Elementos de la Policía Federal detuvieron este miércoles en la ciudad de México a cinco presuntos secuestradores, miembros de la banda conocida como "Los Gaseros", quienes habían plagiado a un comerciante en mayo pasado y exigían dos millones de dólares por su liberación.
Los hechos se registraron la madrugada de este miércoles, cuando agentes federales desplegaron un operativo en las inmediaciones de la delegación Álvaro Obregón, al oriente del Distrito Federal, para detener a Carlos Alberto López Romero, de 33 años de edad, y presunto jefe de la organización criminal.
También detuvieron a Adriana Rodríguez Moctezuma, de 29 años de edad, esposa de López Romero; Ulises Rojas Morales, de 30 años, quien dijo ser policía de la Secretaría de Seguridad Pública local, y presuntamente era el encargado de interceptar a las víctimas y negociar los rescates con los familiares.

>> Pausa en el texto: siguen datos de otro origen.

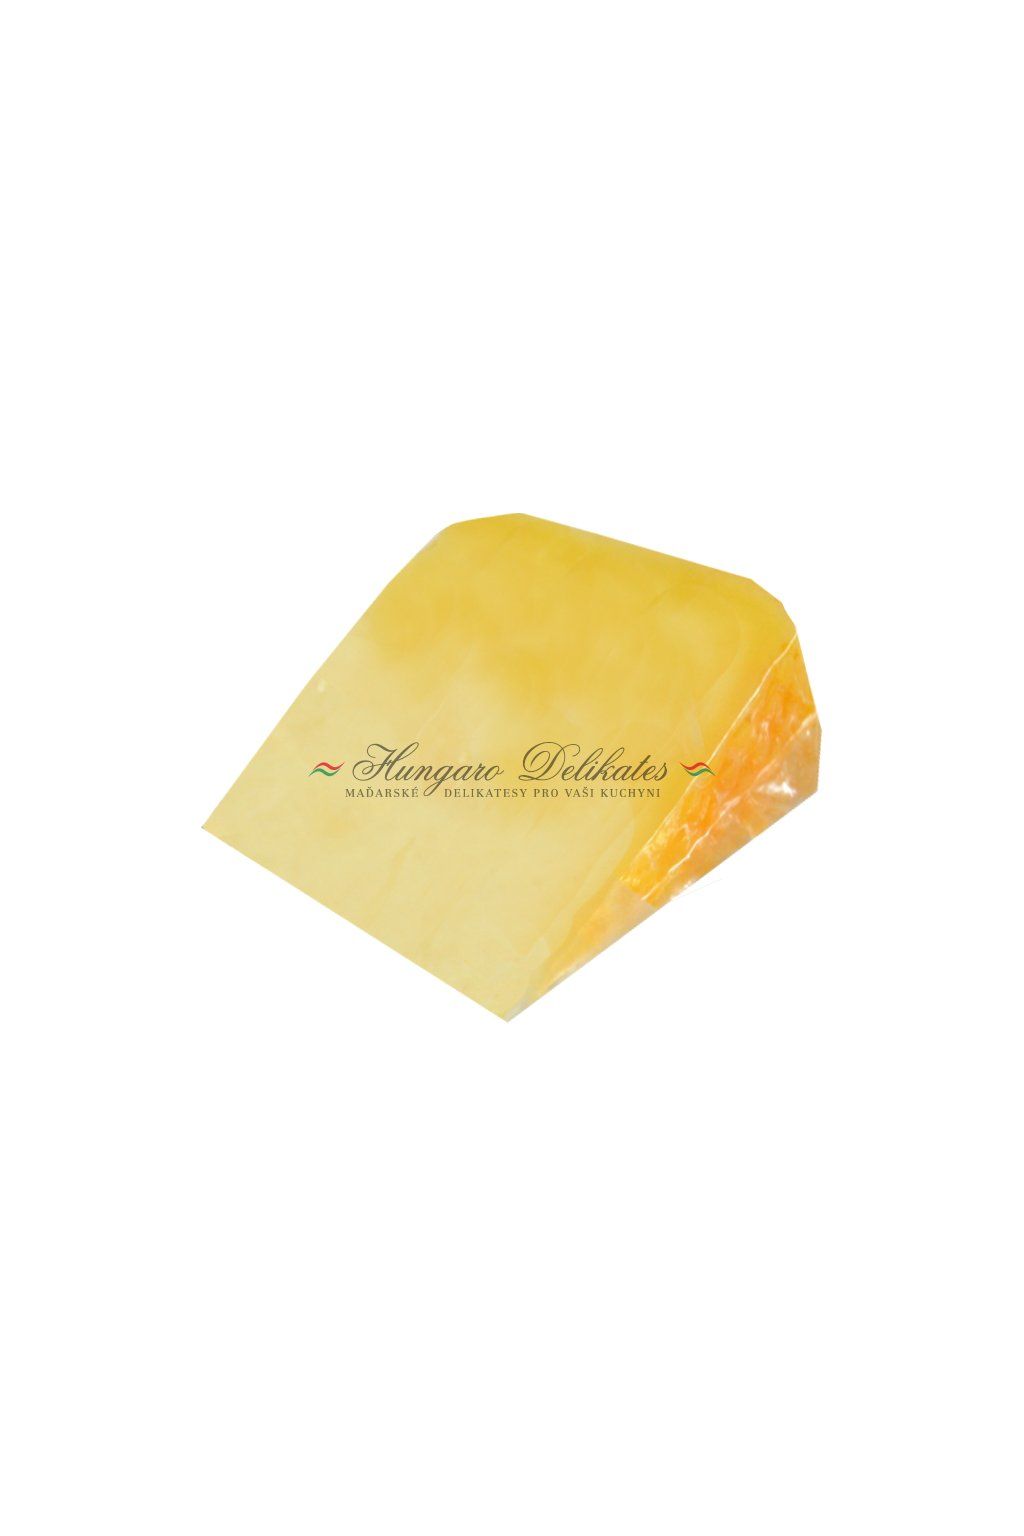 Plachtinske zlato rez 840px

Junto con ellos se detuvo al menor Jaime Alberto "N", de 17 años, quien trabajaba como office boy, y a Rocío Trinidad Castillo, de 30, quien era la encargada de proporcionar información sobre las víctimas, aseguró la Secretaría de Seguridad Pública (SSP) federal.

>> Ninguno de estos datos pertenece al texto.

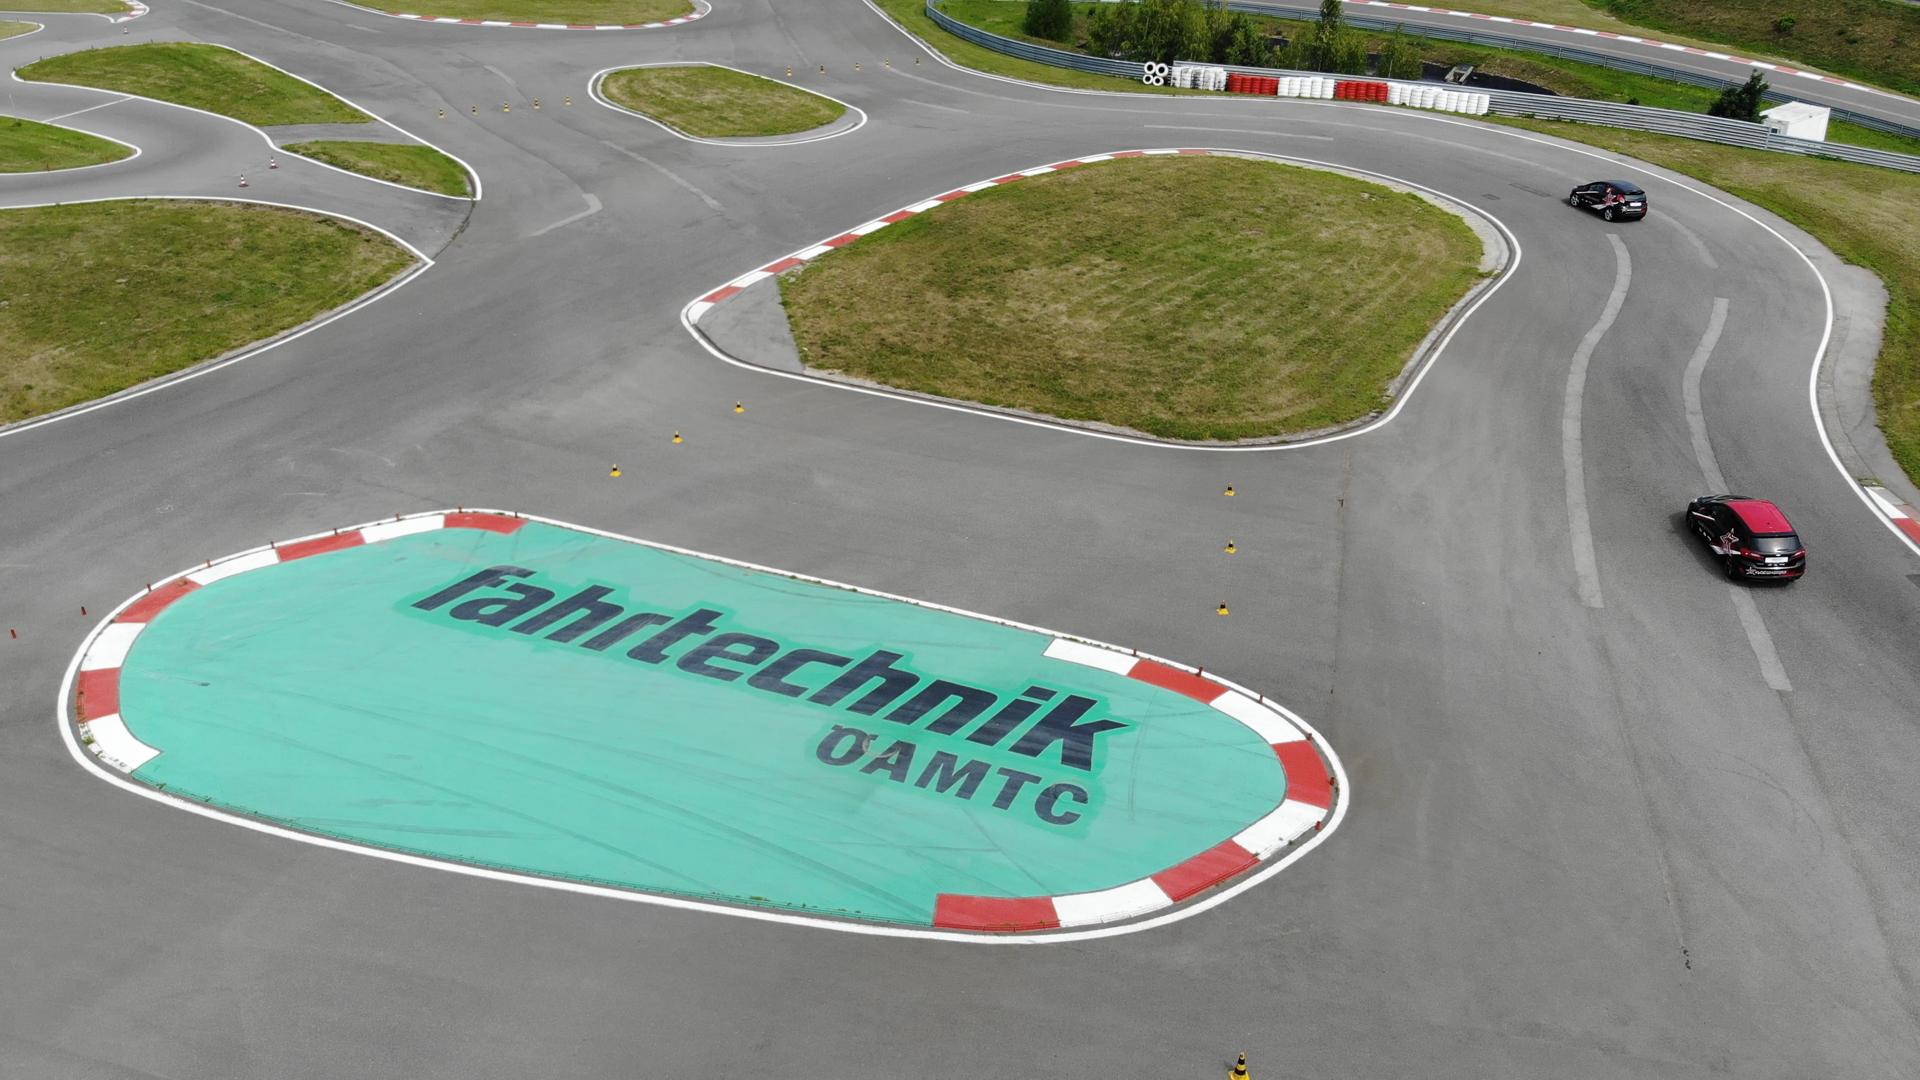 RacingRookie_2018_Vorausscheidung03_Melk_Screenshot_AUTrenalinMEDIA-01.jpg

A los detenidos se les aseguraron una camioneta Chevrolet Trail Blazer azul, con placas de circulación 351-SFV del Distrito Federal, un celular y diversos documentos.
Este grupo criminal presuntamente secuestró el pasado 31 de mayo a un comerciante de 51 años, cuando éste arribaba a su negocio, ubicado en el estado de México y por quien exigía la cantidad de dos millones de dólares por su liberación.
La víctima, quien estuvo en cautiverio en una casa de seguridad, ubicada en la calle Quetzal, lote 30, manzana 30, en la colonia Lomas de Capula, en la delegación Álvaro Obregón, fue liberada cuatro días después de su secuestro.
El cobro de los rescates los realizaba en el Distrito Federal, en las proximidades del segundo piso del Periférico, en la demarcación Álvaro Obregón.
El grupo delictivo usaba varios vehículos al momento de secuestrar a sus víctimas, entre ellos taxis y camiones repartidores de gas, para obstruir las calles y así lograr su objetivo.
Asimismo, como medida de presión, amenazaban con dañar o quitarle la vida a la víctima en el caso de que no fueran cumplidas sus exigencias o si acudían a denunciar los hechos ante las autoridades, de acuerdo con la información de la SSP federal.